If one is going to write a book about a particular Metro, then perhaps one should try and answer the question, “what is a Metro?” as well as “why build a Metro?” I’m not going to labour this effort, as many others have written more eloquently than me on this subject. This is more a reflection of my journey and increasing understanding of public transport and Metro systems over the last twenty years.
In this chapter I cover:
- 2.1 Metro modes and features
- 2.2 A brief Metro history and example systems
- 2.3 Metro definitions
- 2.4 Is Newcastle the best example of a UK Metro?
- References
2.1 Metro modes and features
Let’s start with a brief explanation of some of the various public transport modes and features used by Metros today.
Figure 19 TfW Stadler FLIRT Bi-Mode (image credit Rail Business UK)
Heavy Rail (HR) services in the UK are operated by Train Operating Companies (ToCs) on track maintained by Network Rail typically using Diesel Multiple Unite (DMUs), Electric Multiple Unit (EMUs) and now some Bi mode and Tri-mode rolling stock designed for longer trips and station spacings measured in kilometres or tens of kilometres.
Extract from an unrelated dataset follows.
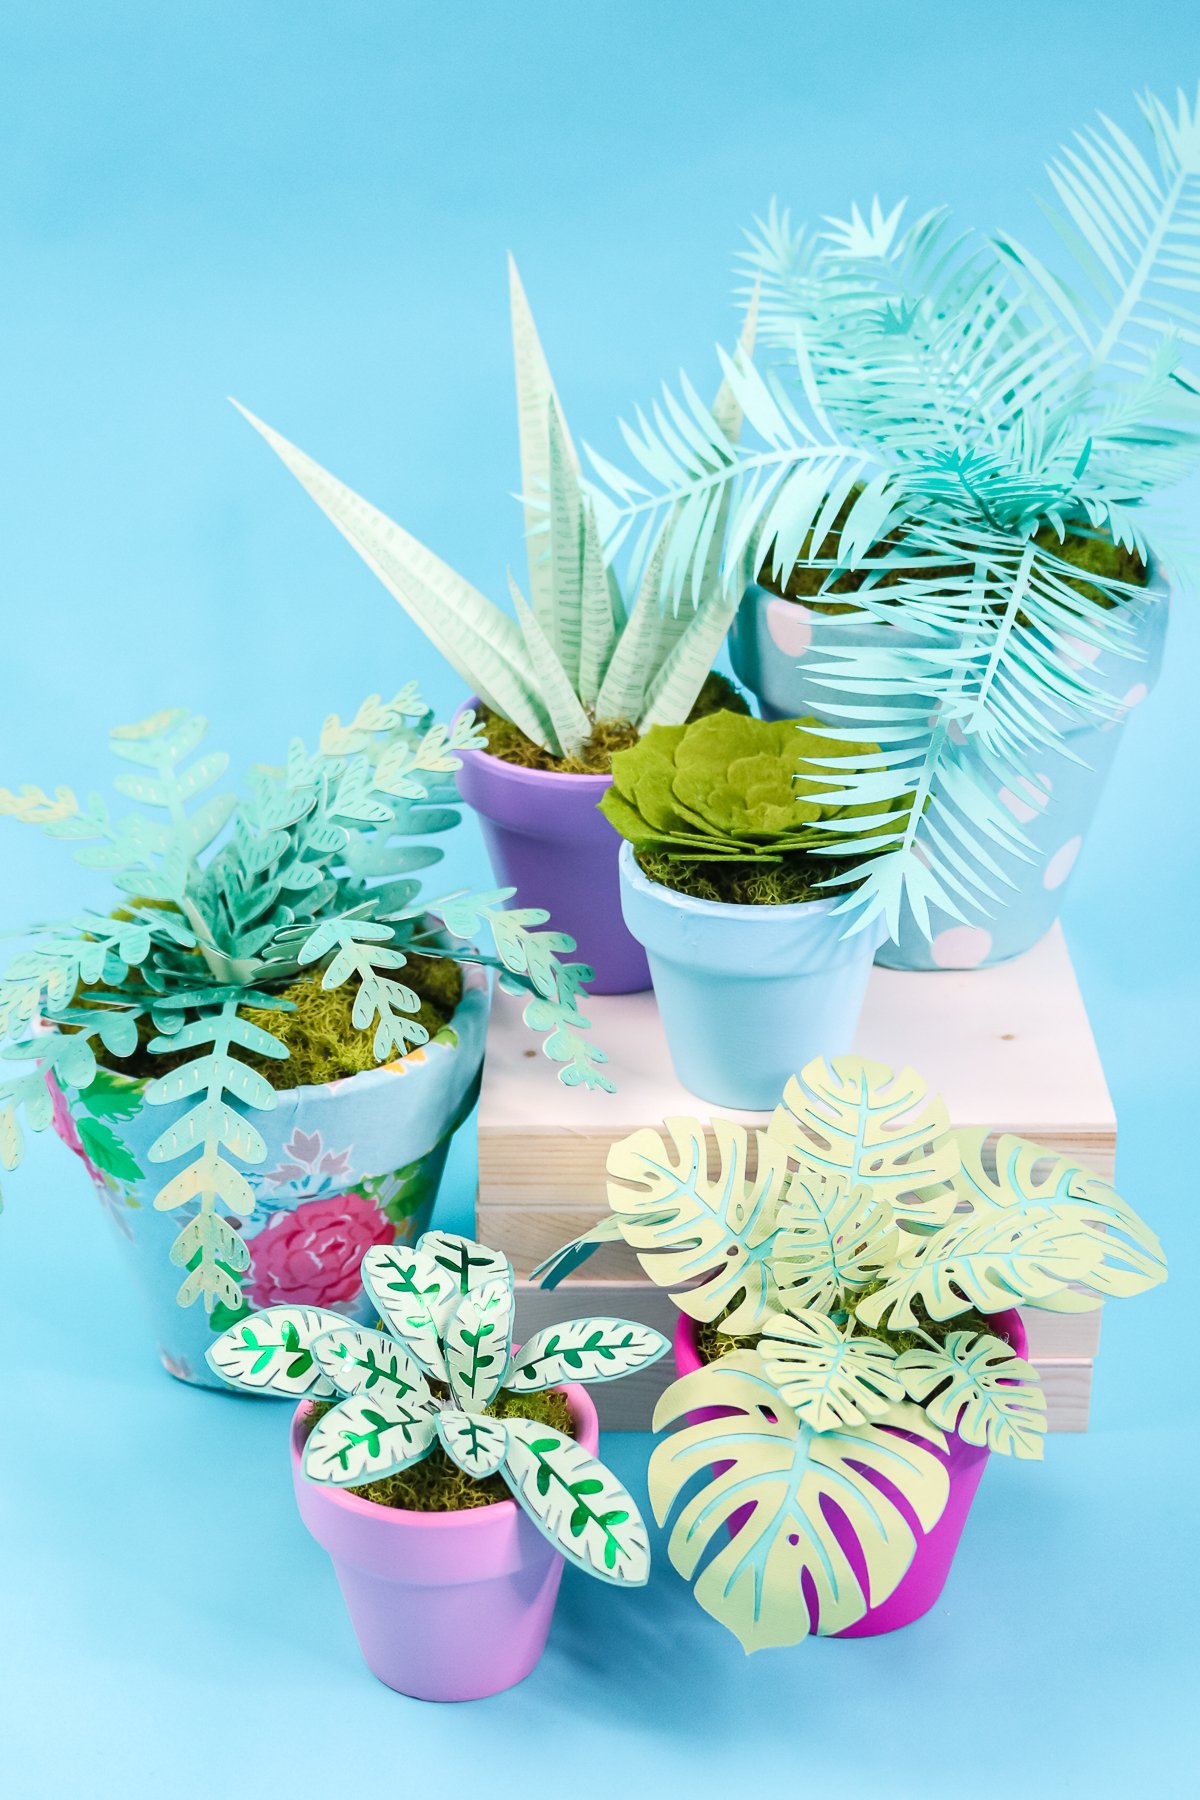 How to Make Paper Plants with a Cricut for a Garden Party - Angie

Such vehicles are big and heavy and in the main have to be segregated from other stuff. They can accommodate anything from 250-500-1500 people and can manage gradients up to perhaps 2% and turning radii typically of at least 250M. The system is heavily regulated in the UK by the Office of Road and Rail (ORR).
Light Rail (inc. tramways) cover a range of systems outside of the NR National Rail network and so designated as “Non-mainline or “tramway” when in a street environment. The Core Valley Lines (CVL)is a departure, it is no longer managed by Network Rail but is still defined (currently) as HR and part of the National rail network (apart from the Bay line) and will be operating a mix of Light Rail Vehicles (LRVs), called tram-trains and more traditional HR Stadler “FLIRT” tri-mode rolling stock. Light Rail Vehicles can hold 200-500 people, manage gradients of up to 9% and turning radii as low as 25M and are typically focussed on shorter urban trips of less than an hour. When operating on/in street environments, they are defined as tramways. De-designated LR systems typically apply very different staffing protocols and Terms and Conditions to HR. Example LR systems in the UK can be found in Manchester, Newcastle, Nottingham, Croydon and Sheffield.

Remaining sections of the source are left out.